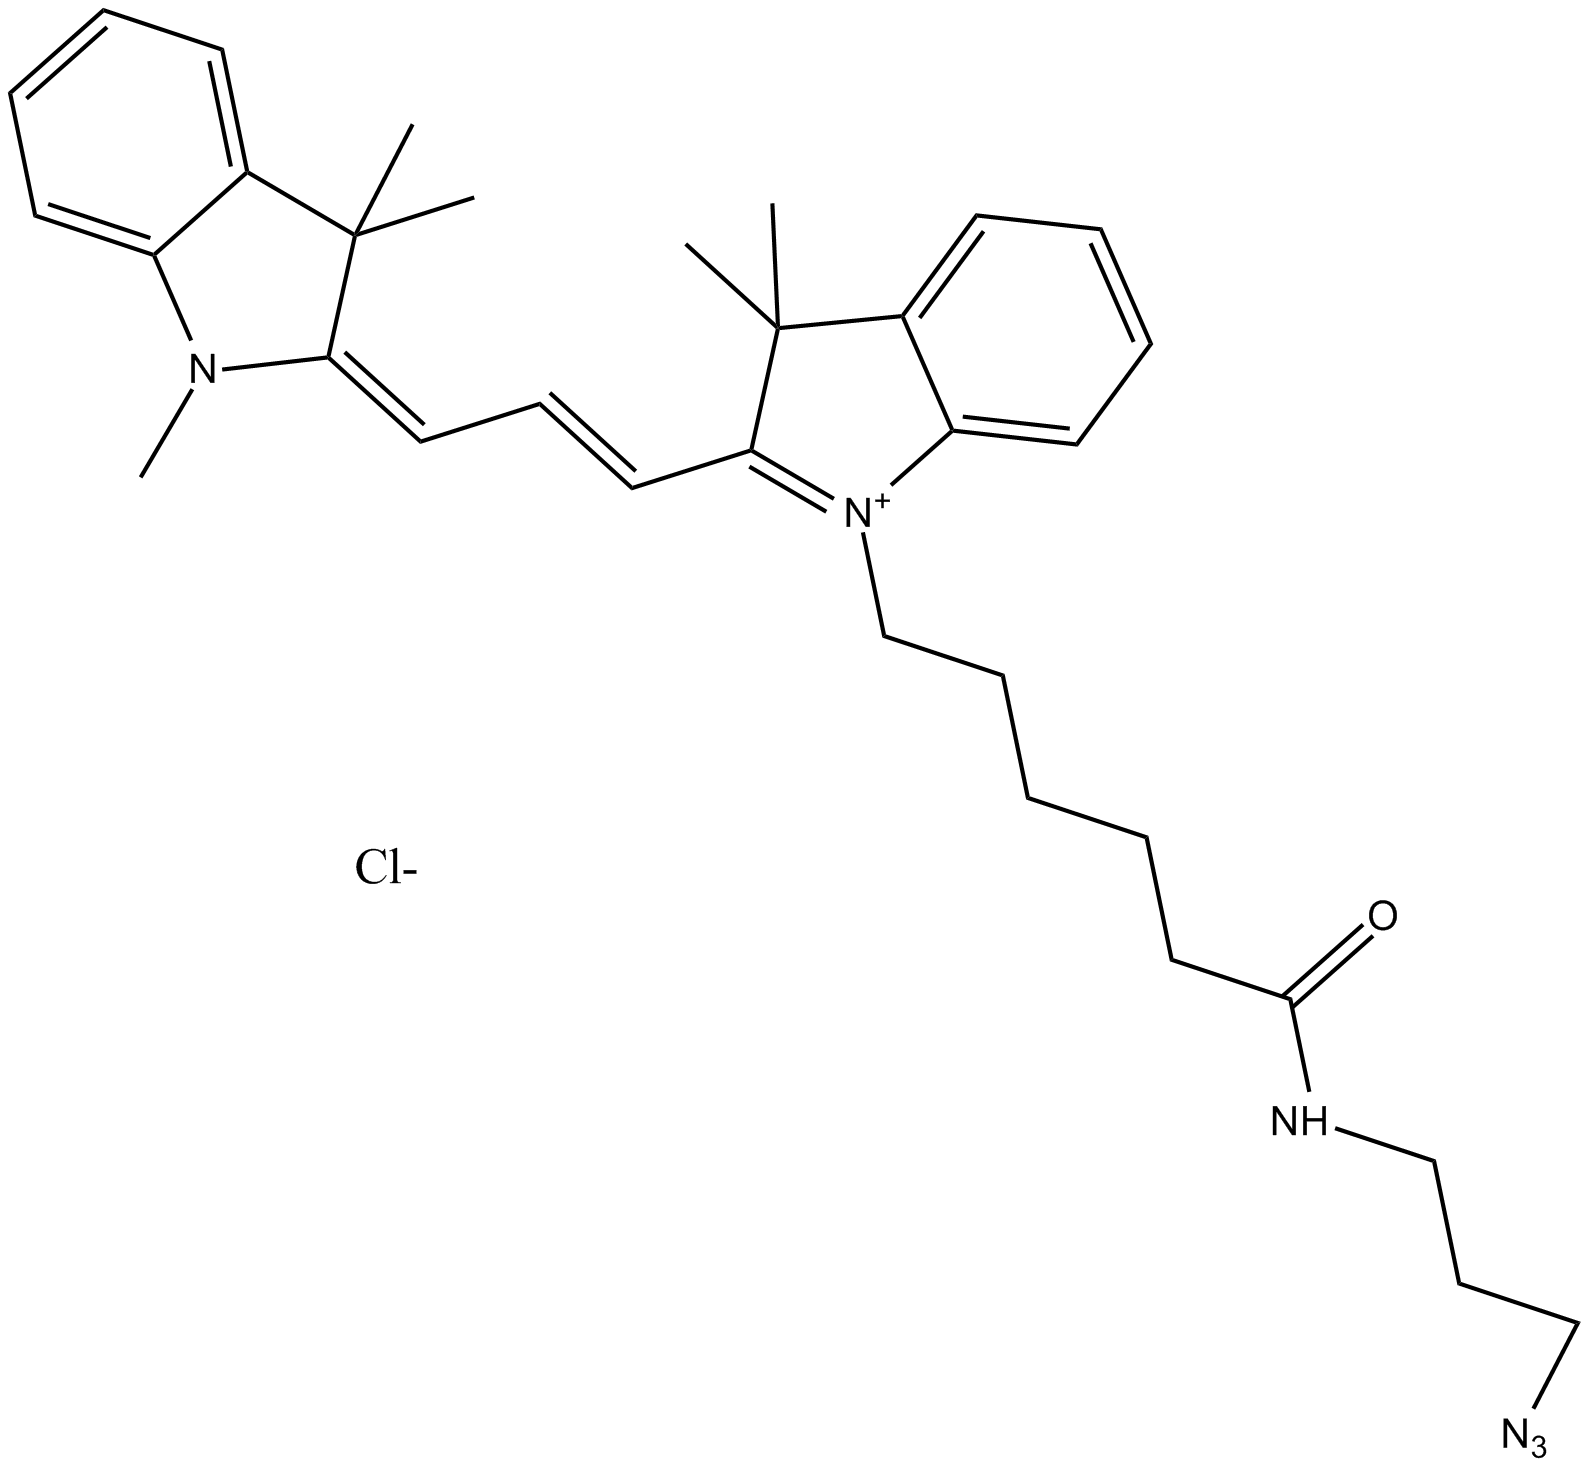 Cy3 azide (non-sulfonated)
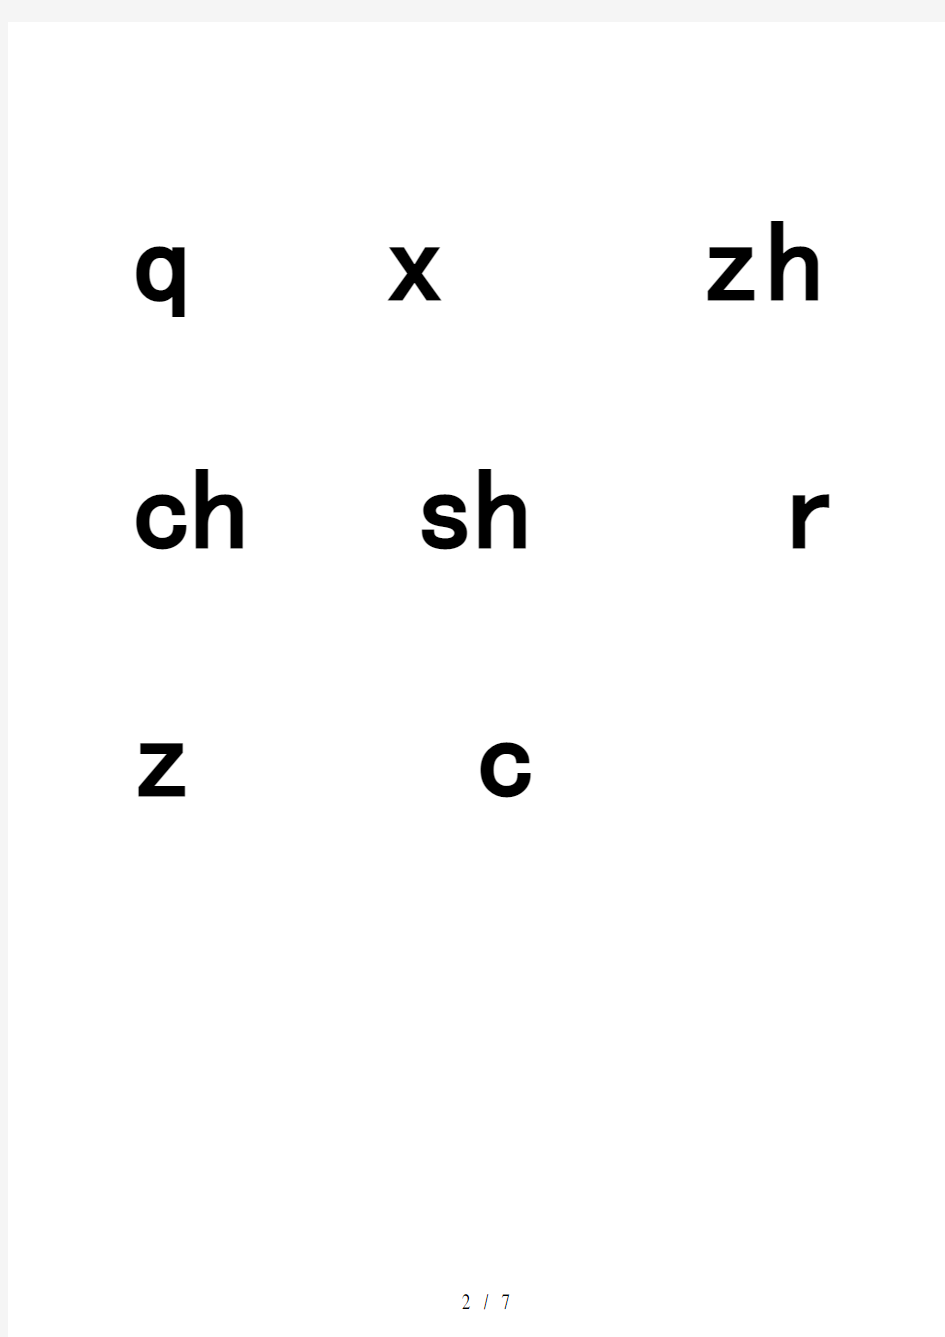 标准声母韵母整体认读音节打印版
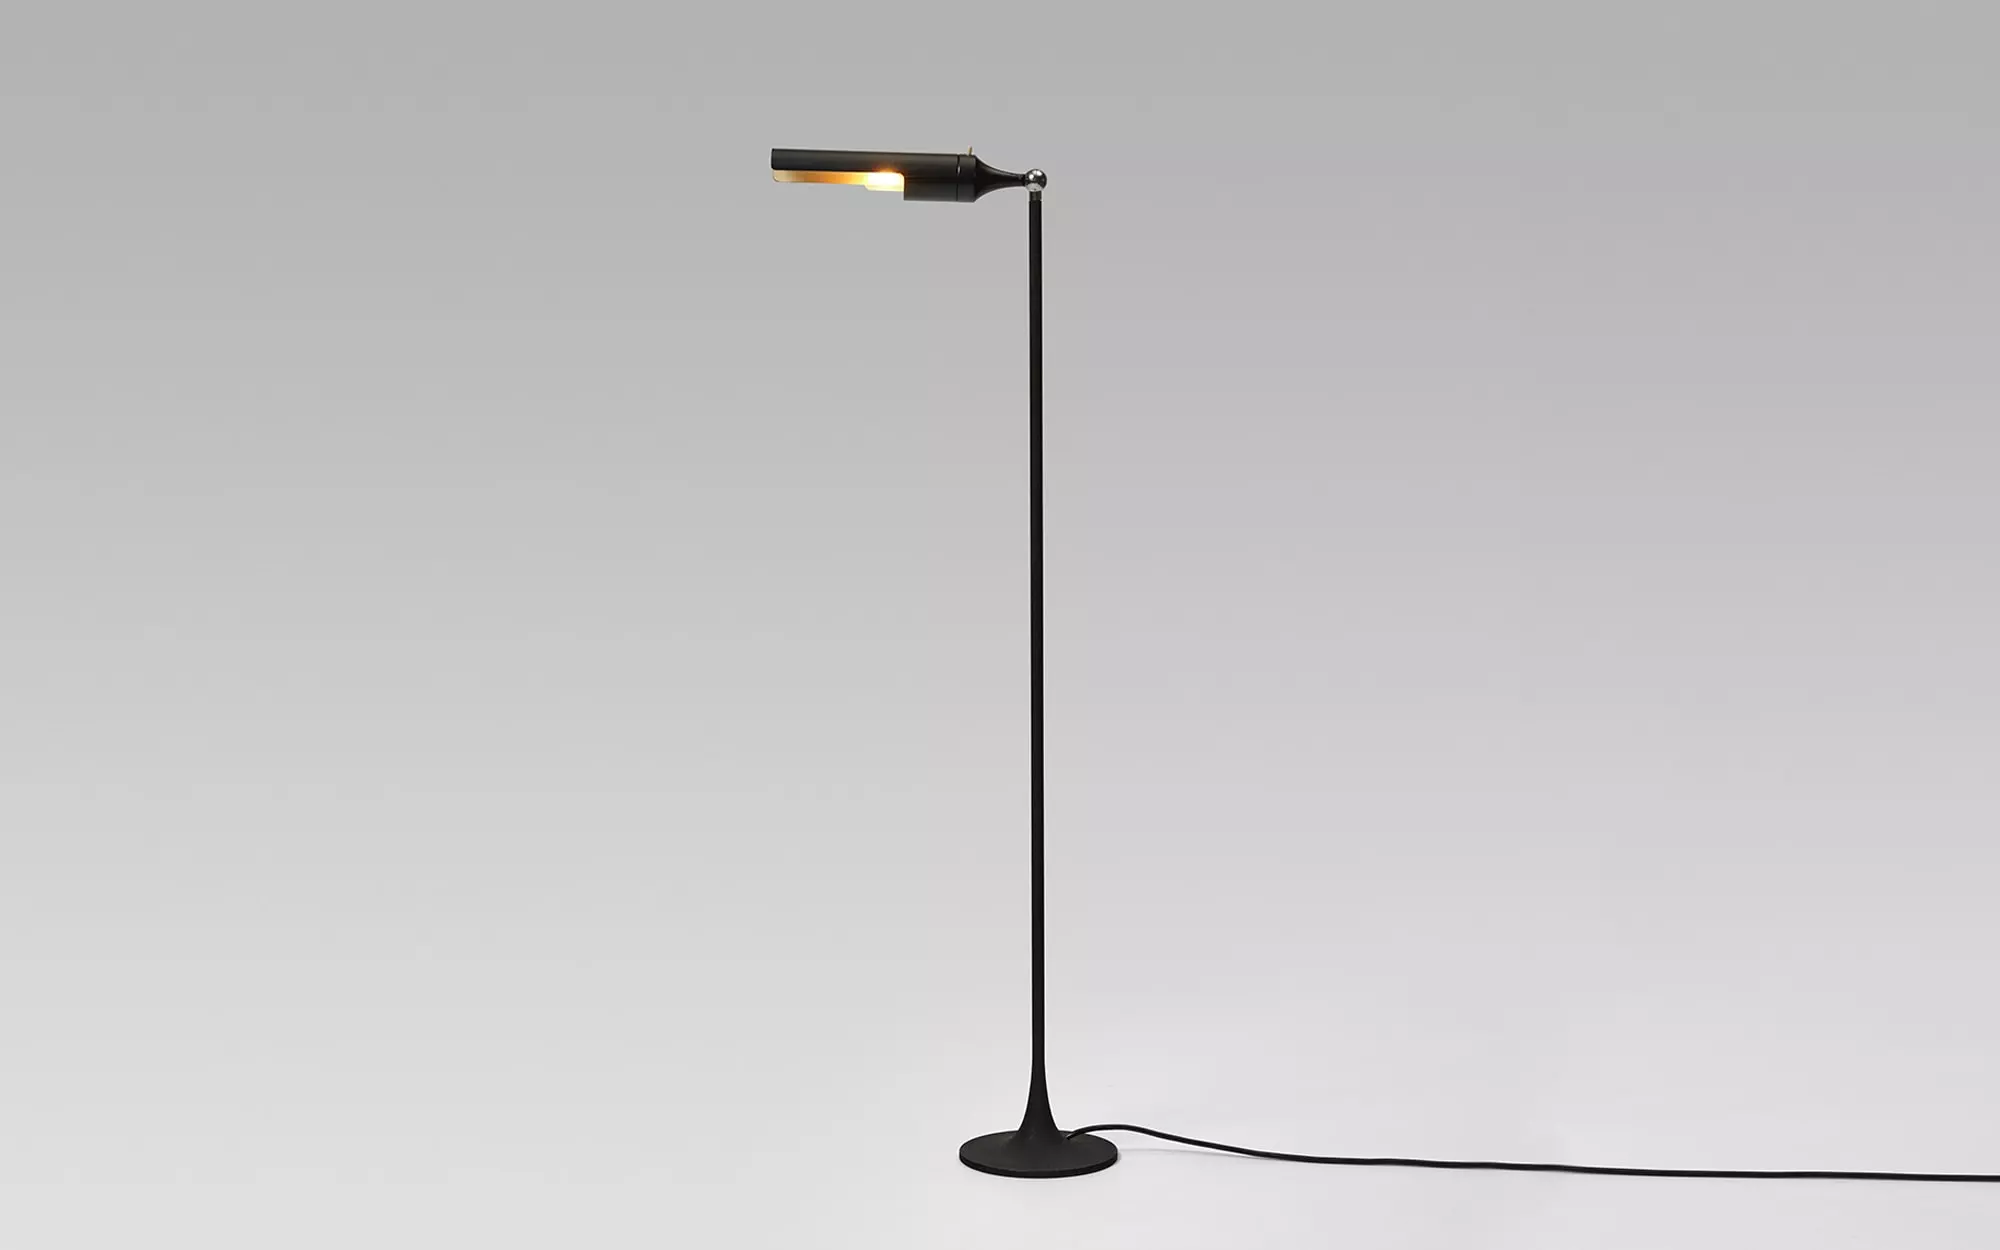 1086 - Gino Sarfatti - Table light - Galerie kreo
————————
**About this exercise:** Copy the listing exactly. No images belong in the copy.

**Task solution:**
 Cy3 azide (non-sulfonated)
 标准声母韵母整体认读音节打印版
 1086 - Gino Sarfatti - Table light - Galerie kreo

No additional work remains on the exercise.